=== TO DO ===
In the copy of the lines below, leave out pictures and print everything else exactly.

=== RECORDED DATA ===
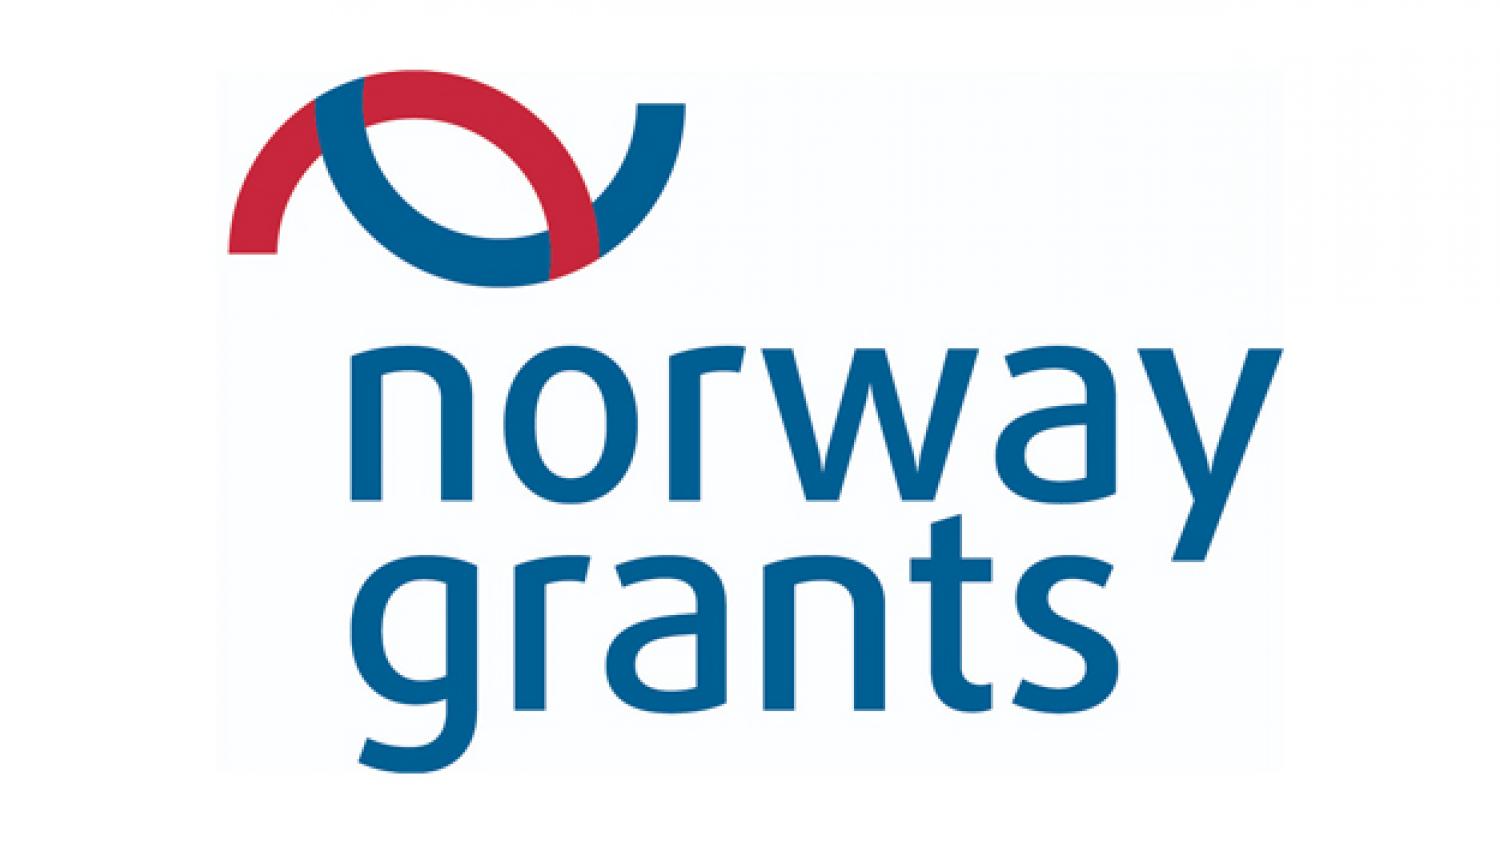 Norway grants logo
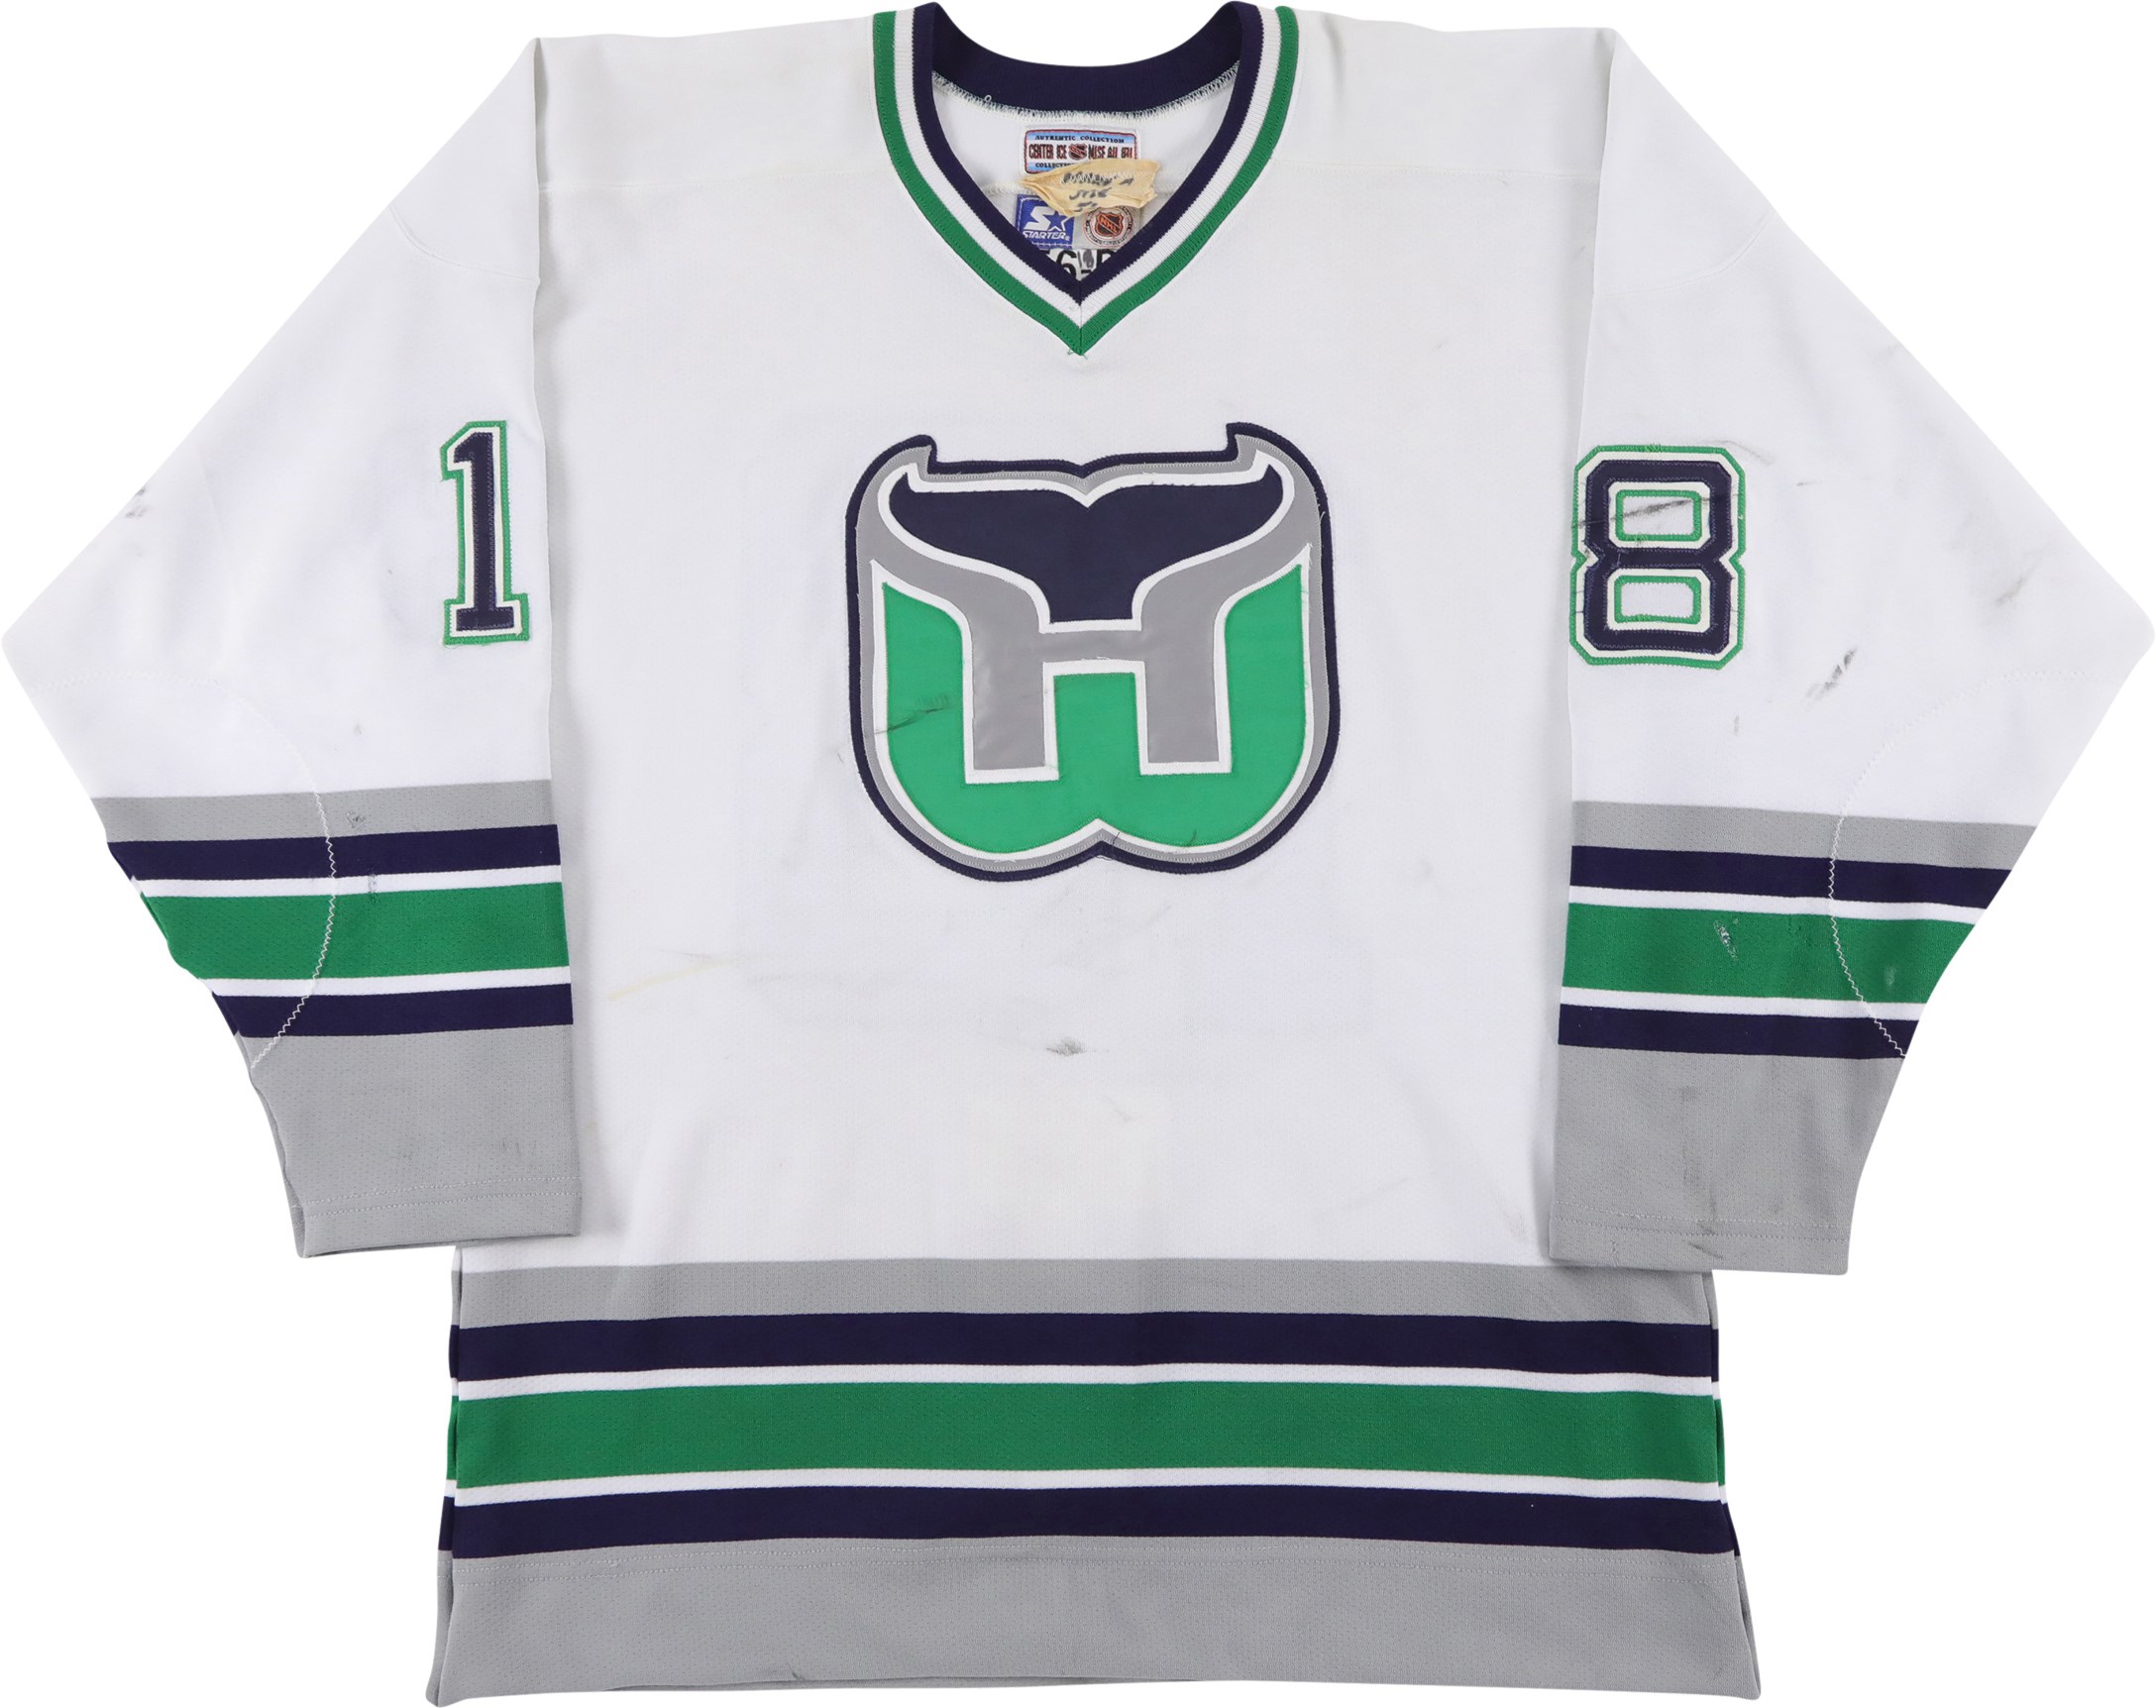 Hockey - 1996-97 Robert Kron Hartford Whalers Game Worn Jersey - Whalers Final Season (Team-Sourced)
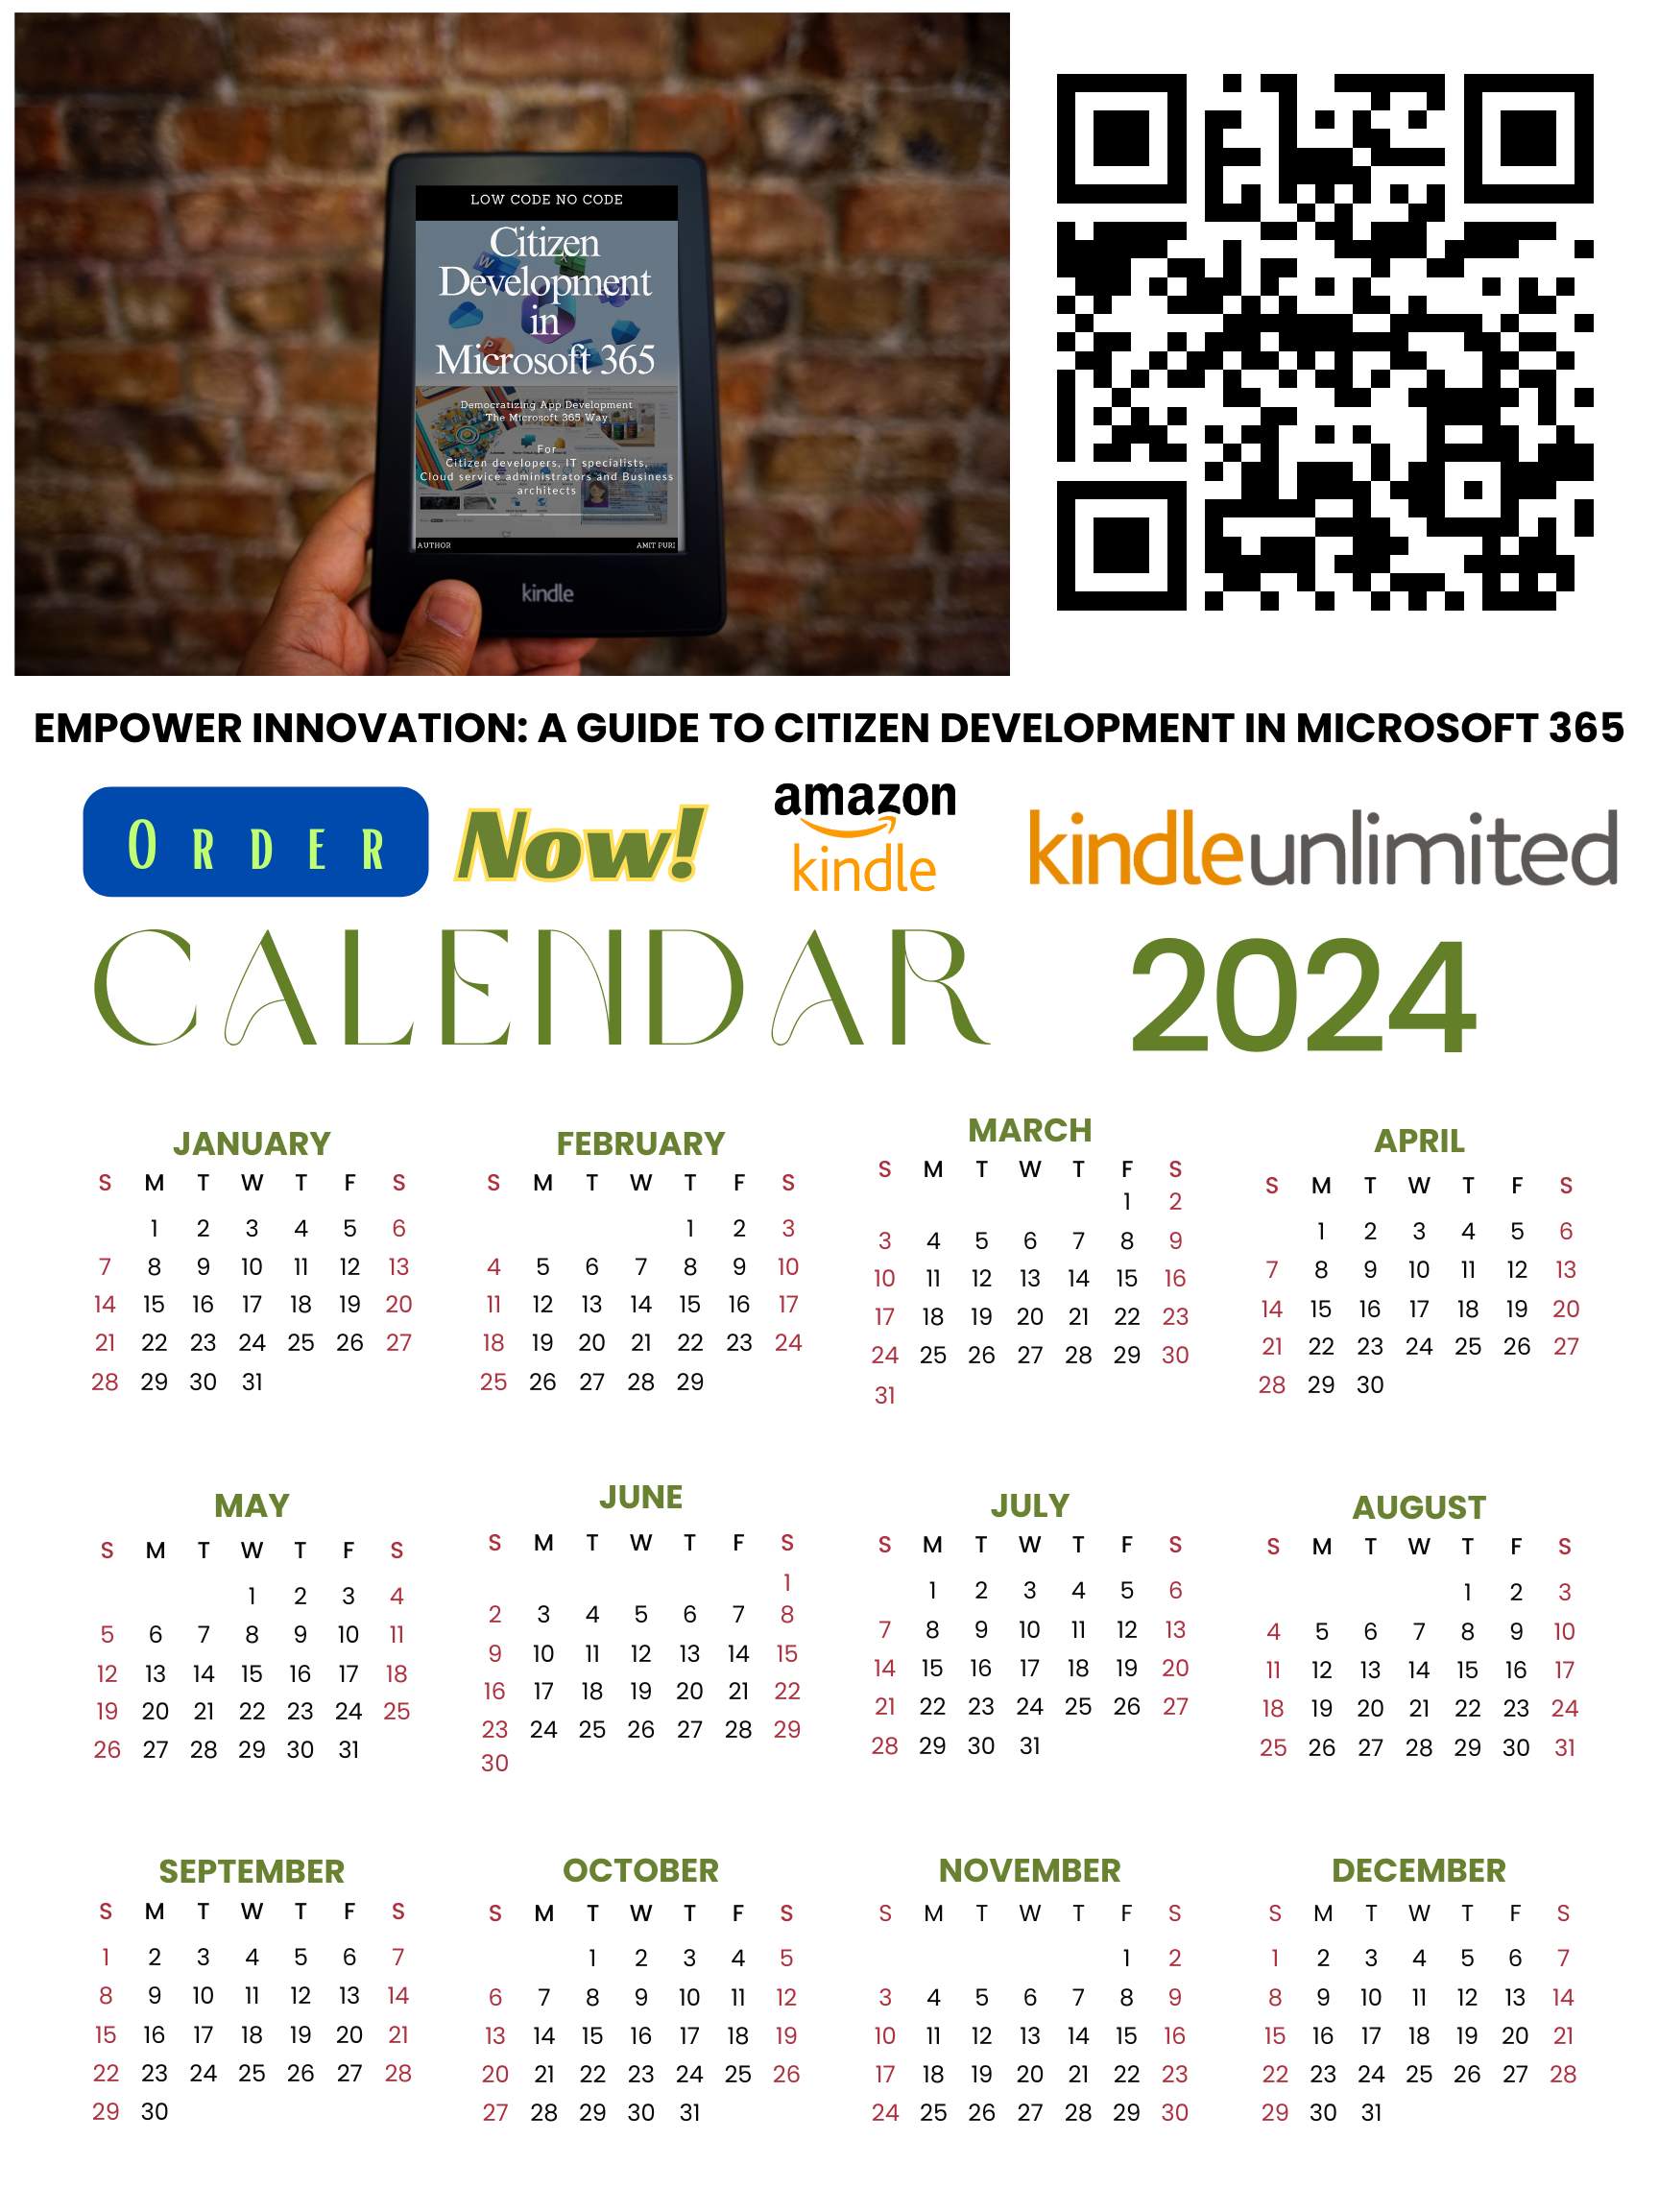 Order now - 2024 Calendar

=== RESULT OF THE TASK ===
 Norway grants logo
 Hockey - 1996-97 Robert Kron Hartford Whalers Game Worn Jersey - Whalers Final Season (Team-Sourced)
 Order now - 2024 Calendar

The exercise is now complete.